Nick would call me and say, 'You know, if only we could get hold of headphones that had two knobs and three bells and five whistles, that sold for nine pounds ninety-five - they'd be a massive hit.'

I owe a lot of my success to the interactive relationship with Nick. He saw merit in advising me of what he wanted, because I could pull it off quickly. This type of feedback was manna from heaven to me. I would get in touch with Imai and ask him to send me details of headphones. In a short space of time, not only could I come up with the exact specification Nick wanted for PS9.95 retail, but a whole range of headphones starting from PS5.95 up to PS15.95.

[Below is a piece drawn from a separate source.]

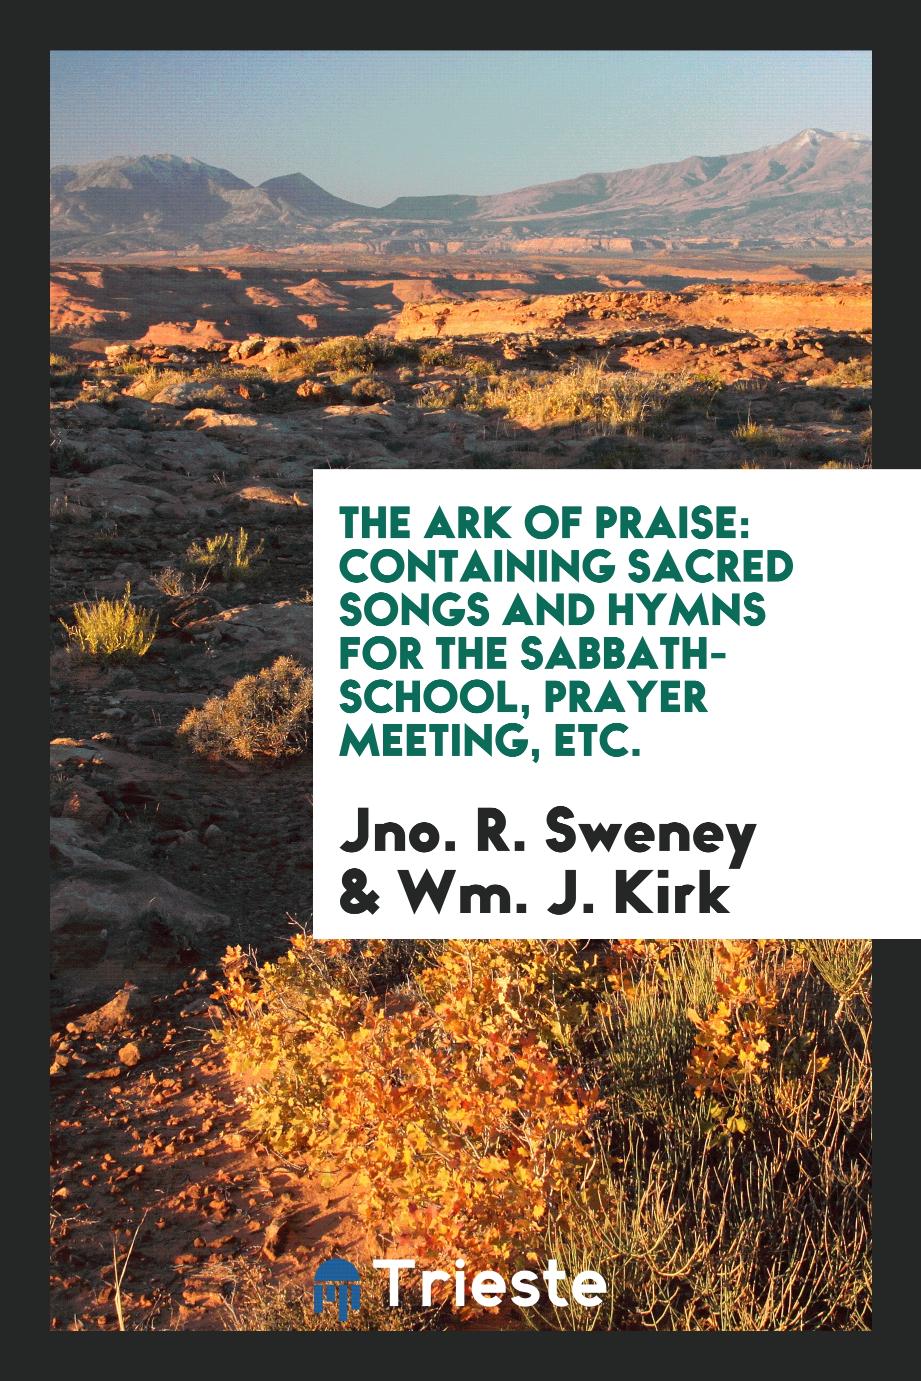 The Ark of Praise: Containing Sacred Songs and Hymns for the Sabbath-School, Prayer Meeting, Etc.

The speed at which Imai and I worked was incredible. Bear in mind that there was no email, no DHL, no FedEx or UPS in those days. We are talking 1973-4 - samples had to be sent by airfreight, letters had to go by express airmail. There was no fax machine, so you couldn't send pictures instantly. And even if you did take a picture, you'd have to wait for it to be developed before you could airmail it.

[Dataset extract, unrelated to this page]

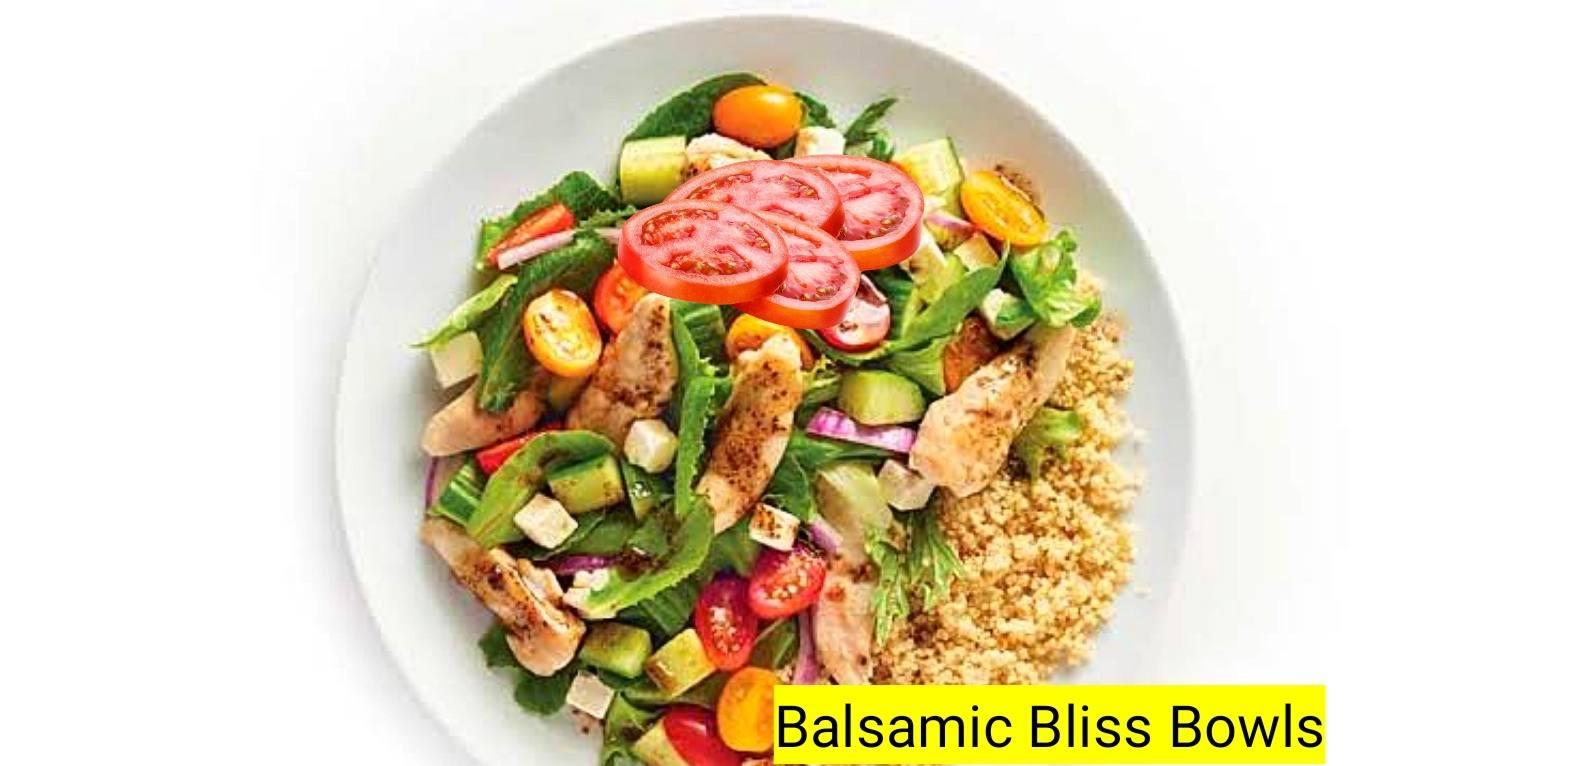 Balsamic Bliss Bowls Meal

I made up a range of headphones with our brand, allowing Mr Imai to work on the artwork for the boxes. They were an absolute smash hit when they got to the UK. They sold really well at Comet, as well as at G. W. Smith, Laskys, Henry's Radio and all the other companies offering discount hi-fi equipment. This peripheral business - where I imported goods fully assembled and ready for sale - was looking quite good.

I added a range of magnetic cartridges to our product line, a cartridge being the small device fitted at the end of the arm of a record-player which contained the stylus that picked up the music from the grooves in a vinyl record. Shure and Goldring were the big brand names for cartridges in those days. These small lumps of plastic with diamond styli sold for a load of money and looked overpriced to me. It was all one-upmanship, snobbery and hype. Using Shomei, I found a maker in Japan, and we put together a range of three cartridges that I think, to be honest, were all the same but were different colours. They had different model numbers and different types of stylus, such as elliptical. According to the gurus in the hi-fi magazines, elliptical styli were the best, so I simply asked Shomei for elliptical and got them.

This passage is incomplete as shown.